Но разве и здесь судьба меня не отличила? То, что я два года
проучилась в университете, а потому была более-менее грамотная, сыграло свою роль, и начальник отдела кадров
сочла меня вполне подходящей на материально ответственную работу, предложив мне
сходу должность завсклада. Это был небольшой склад материи, расположенный
буквально в центре цеха с узким проходом и со многими стеллажами по обе стороны
по проходу, доверху набитыми рулонами материи, рассортированными отрезами,
видимо, очень дорогими. С недельку я должна была подучиться, присмотреться к
работе увольняющейся работницы, а далее принять у нее склад под свою
материальную ответственность. Умиротворенная, ожидающая каких-то благоприятных сдвигов, уже согласная
на просто работу и общежитие и отдалившая в себе учебу на обозримое время, однако
неизмеримо верная своей идее, я надеялась на нормальное продолжение последующих
событий, но не тут-то было. Меня в цехе приняли вполне доброжелательно. Одна из
работниц, однако, решила меня просветить, неожиданно для меня начав разговор
сама, когда я оставалась одна:
- И что? Приезжая? – бесцеремонно начала она, но с оттенком
доброжелательности и совета, - Ты
подумала, куда суешься? Лидка тебе всовывает такую недостачу, а ты… Повиснет на
тебе. За всю жизнь не расплатишься! Ты видела, какой здесь материал, какие
отрезы? Тут воруют-воруют, тянут-тянут,
а ты, дура, отвечать своей зарплатой будешь! Здесь никто не может ни удержаться, ни нормально уволиться. Пока ни
поздно, откажись! Как дочери говорю. Не будь доверчивой. Тут никогда порядок не
наведешь. Ты посмотри. Разве это склад? Стены пальцем проткнешь. Да тут у тебя все вынесут…

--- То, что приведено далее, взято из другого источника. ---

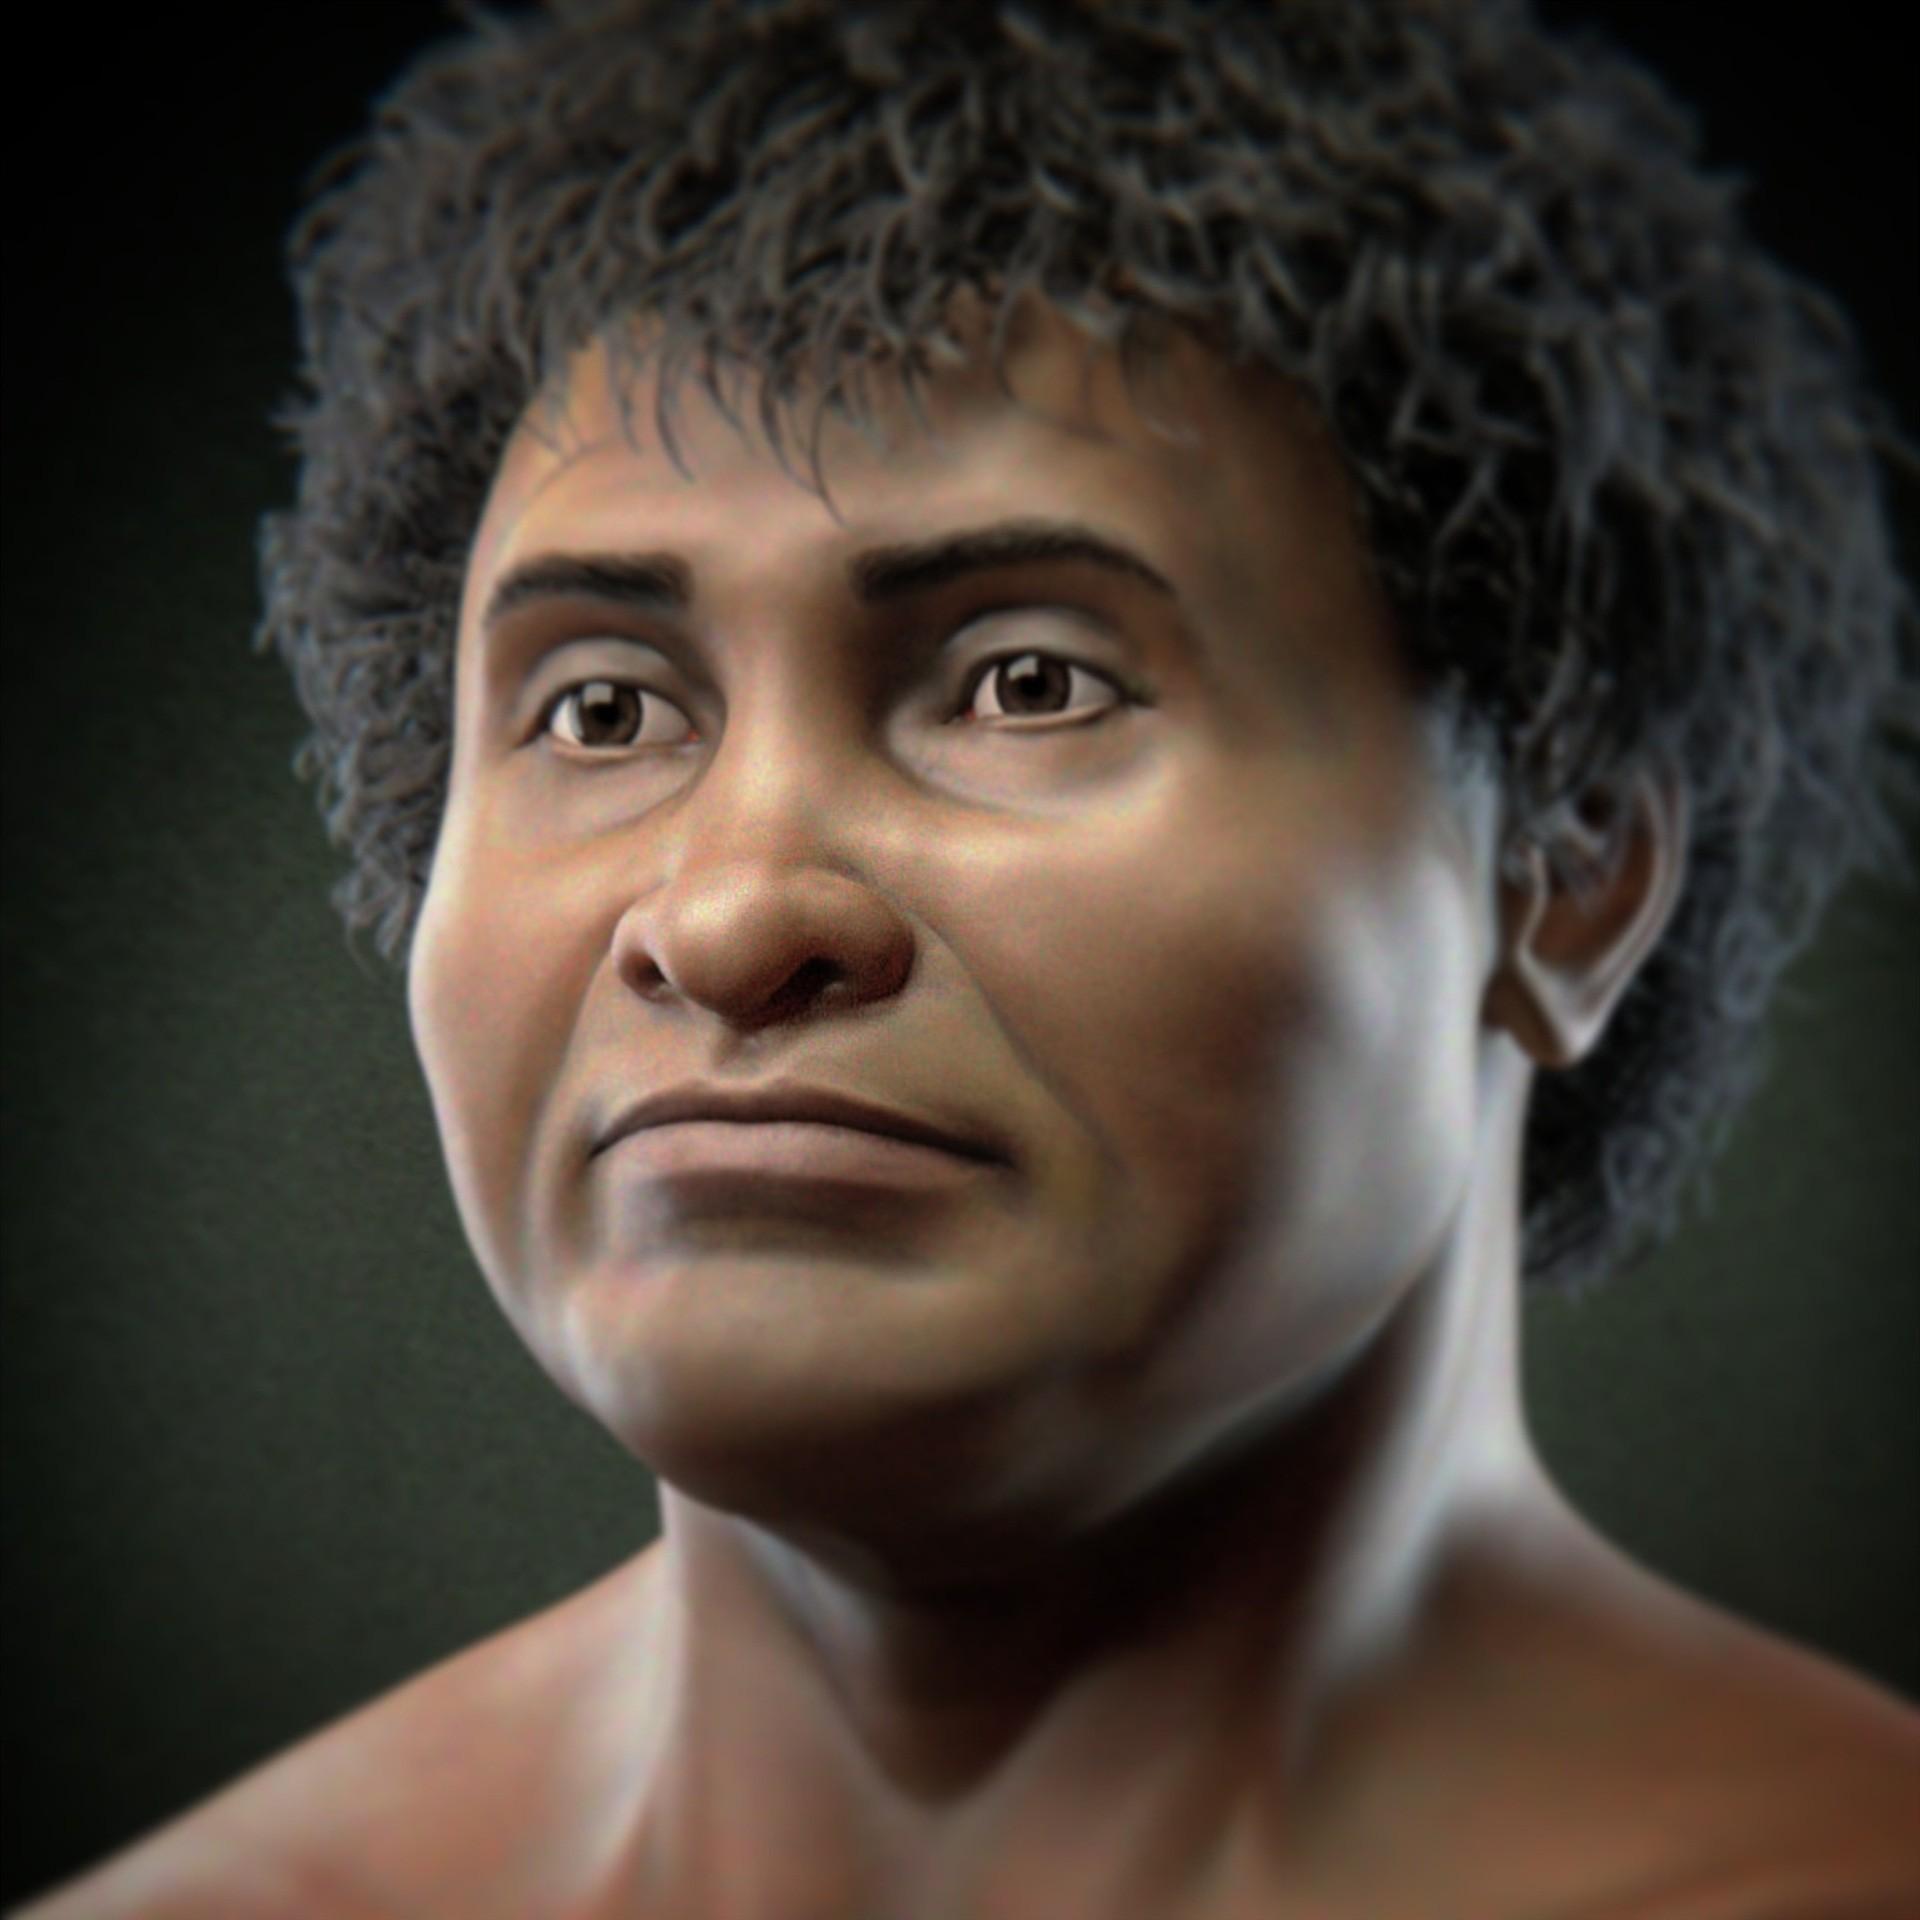 Homem de Lagoa Santa, um dos primeiros registros de um ser humano que habitou o Brasil, há mais de 10 mil anos (Foto: Reprodução/ Cícero Moraes)

- Но. Ведь, если я буду принимать склад по документации, строго
выдавать…
- Да и не такие умники здесь работали, десятки лет стажу. Хотя,
кто его знает, может и сами воровали. Поди теперь, разберись. А Галка, – речь
шла о начальнике отдела кадров, - это еще та стерва. Она о тебе не подумает,
если что. Хоть слезами умойся. Это она с
виду такая ухоженная, красивая, а нутро… Она вас, лимитчиков, за людей не
считает. Ты подумай, подумай, прежде, чем голову свою совать. Ты ж учиться
дальше собираешься… А на тебе такое вдруг повиснет.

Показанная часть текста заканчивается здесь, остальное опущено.